*** Block opens ***

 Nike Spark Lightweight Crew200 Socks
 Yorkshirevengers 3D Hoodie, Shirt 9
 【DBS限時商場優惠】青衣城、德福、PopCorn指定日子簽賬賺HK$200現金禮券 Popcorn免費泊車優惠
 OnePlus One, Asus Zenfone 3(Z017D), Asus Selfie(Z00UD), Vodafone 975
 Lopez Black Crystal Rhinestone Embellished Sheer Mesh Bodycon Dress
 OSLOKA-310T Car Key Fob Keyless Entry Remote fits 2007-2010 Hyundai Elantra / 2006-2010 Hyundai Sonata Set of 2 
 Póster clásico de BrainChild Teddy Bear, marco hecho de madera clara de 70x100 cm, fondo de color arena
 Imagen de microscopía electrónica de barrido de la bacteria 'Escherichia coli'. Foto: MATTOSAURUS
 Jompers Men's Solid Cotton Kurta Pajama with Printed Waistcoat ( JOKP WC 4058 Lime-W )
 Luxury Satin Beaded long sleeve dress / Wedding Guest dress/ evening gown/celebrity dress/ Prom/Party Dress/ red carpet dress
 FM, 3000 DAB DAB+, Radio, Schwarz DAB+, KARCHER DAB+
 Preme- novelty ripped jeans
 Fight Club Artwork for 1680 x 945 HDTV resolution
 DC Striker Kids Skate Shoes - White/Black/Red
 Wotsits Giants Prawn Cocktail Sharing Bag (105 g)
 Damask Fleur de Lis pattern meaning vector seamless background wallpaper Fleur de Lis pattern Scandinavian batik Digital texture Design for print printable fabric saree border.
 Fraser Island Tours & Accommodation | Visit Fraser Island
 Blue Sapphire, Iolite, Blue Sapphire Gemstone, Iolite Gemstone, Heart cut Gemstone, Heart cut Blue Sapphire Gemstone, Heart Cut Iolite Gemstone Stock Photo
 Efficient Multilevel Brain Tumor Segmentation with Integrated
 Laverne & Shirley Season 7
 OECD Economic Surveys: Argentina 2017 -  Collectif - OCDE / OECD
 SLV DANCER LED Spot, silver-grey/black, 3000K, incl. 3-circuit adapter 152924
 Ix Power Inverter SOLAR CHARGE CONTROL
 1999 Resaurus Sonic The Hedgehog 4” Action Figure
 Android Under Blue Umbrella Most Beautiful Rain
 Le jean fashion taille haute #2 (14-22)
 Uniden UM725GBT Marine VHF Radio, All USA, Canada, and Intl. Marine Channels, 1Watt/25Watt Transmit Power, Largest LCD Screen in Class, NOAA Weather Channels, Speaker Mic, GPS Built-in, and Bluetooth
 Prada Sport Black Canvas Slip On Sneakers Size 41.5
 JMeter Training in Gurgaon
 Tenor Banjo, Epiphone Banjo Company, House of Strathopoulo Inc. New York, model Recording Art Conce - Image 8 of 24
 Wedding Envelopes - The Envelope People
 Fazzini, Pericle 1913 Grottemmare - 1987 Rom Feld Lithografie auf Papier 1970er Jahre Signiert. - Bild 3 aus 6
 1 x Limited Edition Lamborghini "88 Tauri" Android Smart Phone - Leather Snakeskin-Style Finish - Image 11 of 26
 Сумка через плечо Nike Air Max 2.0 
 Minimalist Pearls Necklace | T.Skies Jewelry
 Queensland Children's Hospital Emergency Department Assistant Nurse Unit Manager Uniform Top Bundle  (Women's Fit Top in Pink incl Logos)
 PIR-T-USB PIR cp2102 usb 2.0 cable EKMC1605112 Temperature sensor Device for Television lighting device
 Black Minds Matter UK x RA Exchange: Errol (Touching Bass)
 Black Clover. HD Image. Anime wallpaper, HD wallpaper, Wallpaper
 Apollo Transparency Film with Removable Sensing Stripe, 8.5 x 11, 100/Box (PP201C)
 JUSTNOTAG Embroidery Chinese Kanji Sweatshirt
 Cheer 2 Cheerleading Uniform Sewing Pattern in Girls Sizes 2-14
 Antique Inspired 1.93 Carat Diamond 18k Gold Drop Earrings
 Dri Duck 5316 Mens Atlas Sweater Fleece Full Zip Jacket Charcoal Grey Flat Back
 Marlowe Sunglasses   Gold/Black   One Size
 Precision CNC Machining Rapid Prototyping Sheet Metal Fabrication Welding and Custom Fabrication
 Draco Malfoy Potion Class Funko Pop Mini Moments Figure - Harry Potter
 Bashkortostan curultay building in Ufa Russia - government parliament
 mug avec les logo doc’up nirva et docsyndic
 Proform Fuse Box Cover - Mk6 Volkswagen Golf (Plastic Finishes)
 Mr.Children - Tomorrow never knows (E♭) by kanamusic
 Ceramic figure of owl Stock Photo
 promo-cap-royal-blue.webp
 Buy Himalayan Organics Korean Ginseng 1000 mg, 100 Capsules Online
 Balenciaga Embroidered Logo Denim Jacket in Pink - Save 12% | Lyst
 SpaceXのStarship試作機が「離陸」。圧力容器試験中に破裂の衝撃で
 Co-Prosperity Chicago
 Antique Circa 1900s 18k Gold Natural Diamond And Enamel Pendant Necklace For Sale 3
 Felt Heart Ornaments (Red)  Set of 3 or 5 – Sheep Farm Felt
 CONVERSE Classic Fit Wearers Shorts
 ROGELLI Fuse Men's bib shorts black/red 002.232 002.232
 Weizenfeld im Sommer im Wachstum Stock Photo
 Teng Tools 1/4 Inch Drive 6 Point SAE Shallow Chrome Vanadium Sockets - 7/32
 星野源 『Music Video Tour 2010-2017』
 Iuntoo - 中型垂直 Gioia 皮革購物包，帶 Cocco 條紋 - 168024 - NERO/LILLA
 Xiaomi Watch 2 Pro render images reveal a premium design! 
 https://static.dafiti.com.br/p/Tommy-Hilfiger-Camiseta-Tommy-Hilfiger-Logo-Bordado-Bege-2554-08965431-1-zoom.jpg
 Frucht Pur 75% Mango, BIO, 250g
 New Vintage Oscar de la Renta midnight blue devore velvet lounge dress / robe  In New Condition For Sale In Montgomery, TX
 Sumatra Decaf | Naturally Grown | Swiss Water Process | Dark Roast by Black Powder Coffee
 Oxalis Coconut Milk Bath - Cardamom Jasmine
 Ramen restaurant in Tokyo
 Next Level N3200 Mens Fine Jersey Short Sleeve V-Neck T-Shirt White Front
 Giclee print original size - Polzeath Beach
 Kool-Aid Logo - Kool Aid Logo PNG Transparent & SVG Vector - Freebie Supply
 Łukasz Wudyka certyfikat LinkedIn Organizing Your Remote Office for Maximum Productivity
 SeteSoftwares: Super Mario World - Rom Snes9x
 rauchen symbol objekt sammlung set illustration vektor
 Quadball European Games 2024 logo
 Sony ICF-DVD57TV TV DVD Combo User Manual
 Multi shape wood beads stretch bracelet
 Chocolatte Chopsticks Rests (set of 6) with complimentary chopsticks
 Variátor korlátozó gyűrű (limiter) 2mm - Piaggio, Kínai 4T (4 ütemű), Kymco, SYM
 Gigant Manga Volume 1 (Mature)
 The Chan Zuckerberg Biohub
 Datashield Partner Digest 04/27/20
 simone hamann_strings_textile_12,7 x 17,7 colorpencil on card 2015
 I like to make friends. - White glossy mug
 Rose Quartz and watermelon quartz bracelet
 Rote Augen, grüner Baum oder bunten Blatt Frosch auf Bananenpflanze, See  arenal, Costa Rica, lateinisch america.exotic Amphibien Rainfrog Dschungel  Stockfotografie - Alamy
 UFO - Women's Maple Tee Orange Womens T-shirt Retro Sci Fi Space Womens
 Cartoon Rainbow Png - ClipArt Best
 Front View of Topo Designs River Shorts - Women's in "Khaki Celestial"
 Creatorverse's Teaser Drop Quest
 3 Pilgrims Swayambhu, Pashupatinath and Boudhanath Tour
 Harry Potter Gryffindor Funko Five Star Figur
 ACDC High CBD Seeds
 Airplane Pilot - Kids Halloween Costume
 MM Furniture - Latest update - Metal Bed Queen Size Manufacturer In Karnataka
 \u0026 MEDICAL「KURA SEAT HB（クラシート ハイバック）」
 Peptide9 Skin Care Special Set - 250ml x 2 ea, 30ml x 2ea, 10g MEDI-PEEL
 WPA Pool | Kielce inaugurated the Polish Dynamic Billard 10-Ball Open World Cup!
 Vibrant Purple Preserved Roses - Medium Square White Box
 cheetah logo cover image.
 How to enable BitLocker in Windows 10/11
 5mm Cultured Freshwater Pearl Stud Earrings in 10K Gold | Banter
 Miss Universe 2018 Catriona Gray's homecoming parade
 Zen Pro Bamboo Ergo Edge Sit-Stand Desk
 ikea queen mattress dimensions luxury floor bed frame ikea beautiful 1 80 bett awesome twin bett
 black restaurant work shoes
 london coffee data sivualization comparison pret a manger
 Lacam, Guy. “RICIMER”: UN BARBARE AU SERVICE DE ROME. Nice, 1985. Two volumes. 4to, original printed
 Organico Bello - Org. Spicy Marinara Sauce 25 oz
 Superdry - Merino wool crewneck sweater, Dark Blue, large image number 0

*** Block closes ***

Repeat exactly the lines of the listing above, from the one with "SLV DANCER LED" down to the one with "Le jean fashion taille haute #2 (14-22)"; both of those lines belong in the range.

=== RESULT BELOW ===
 SLV DANCER LED Spot, silver-grey/black, 3000K, incl. 3-circuit adapter 152924
 Ix Power Inverter SOLAR CHARGE CONTROL
 1999 Resaurus Sonic The Hedgehog 4” Action Figure
 Android Under Blue Umbrella Most Beautiful Rain
 Le jean fashion taille haute #2 (14-22)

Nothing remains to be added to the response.